Vermisster tot auf über 3.000 Metern Höhe entdeckt

Die Hohenwartscharte am Großglockner
Die Hohenwartscharte am GroßglocknerLPD Kärnten
Der seit drei Tagen vermisste Alpinist am Großglockner wurde in dem Morgenstunden tot aufgefunden.

Der 65-jähriger Alpinist aus Slowenien wollte am 28. Juli vom Parkplatz der Franz-Josef-Höhe am Großglockner hinauf zur auf 3.454 Höhenmetern gelegenen Erzherzog-Johann-Hütte steigen. Als er nicht zurückkehrte, erstatte seine Tochter tags darauf um 23 Uhr eine Abgängigkeitsanzeige.

Noch in derselben Nacht fand ein erster Suchflug mit einem Polizeihubschrauber statt, leider ohne Ergebnis. Morgens gab es dann eine Suchaktion unter Beteiligung des Polizeihubschraubers, Einsatzkräften der Bergrettung Heiligenblut und der Alpinen Einsatzgruppe. Diese musste gegen 15.30 Uhr aufgrund des eintretenden Schlechtwetters eingestellt werden und wurde am 31. Juli fortgesetzt.
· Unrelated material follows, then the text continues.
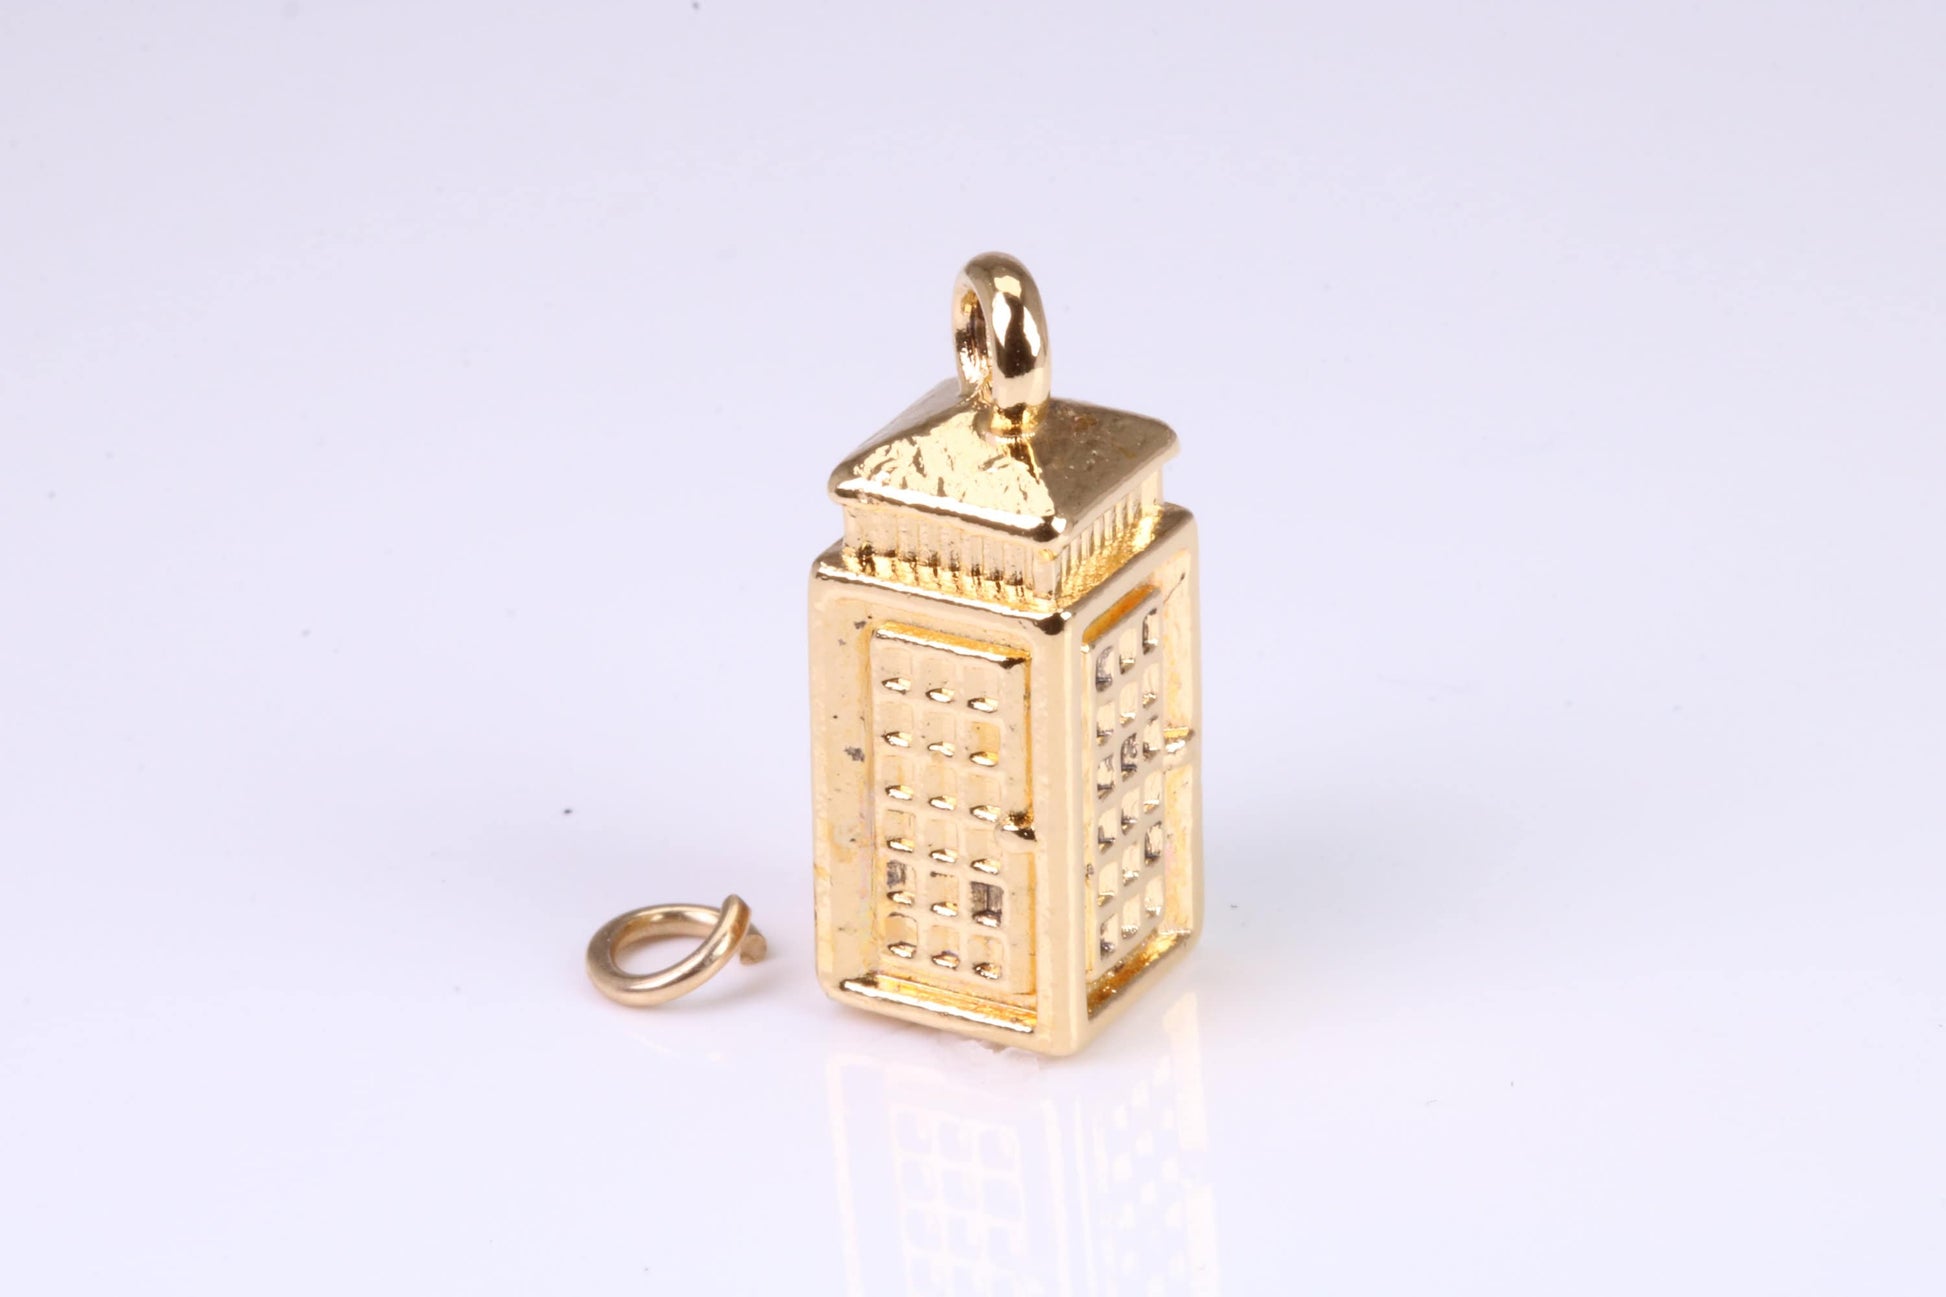 Telephone Booth Charm, Traditional Charm, Made from Solid Yellow Gold, British Hallmarked, Complete with Attachment Link

Am Samstagfrüh war es auch, als der Betreiber einer Almhütte auf dem Großglockner der Polizeiinspektion Heilgenblut Anzeige erstattete, dass im Bereich der Hohenwartscharte, in einer Seehöhe von rund 3.100 Metern, ein Rucksack und ein Eispickel gefunden wurde.

Falsche Richtung gewählt

Eine Stunde später konnten Bergretter der Bergrettung Heiligenblut den Gesuchten Alpinisten leblos auffinden. Der Mann dürfte am 28. Juli beim Aufstieg von der Salmhütte aufgrund der am 28.07. vorherrschenden schlechten Witterung (Regen, Nebel, Graupelschauer) in der Hohenwartscharte fälschlicherweise in Richtung Osten dem Grat gefolgt sein. Dort geriet er in steiles Felsgelände, stürzte ab und blieb am Hofmannskees liegen.

Auf Grund der schlechten Witterung konnte die Leiche des Mannes bisher nicht geborgen werden. Die Erhebungen am Unfallort wurden von der Alpinpolizei Spittal/Drau mit Unterstützung des Hubschraubers der Flugpolizei Klagenfurt durchgeführt.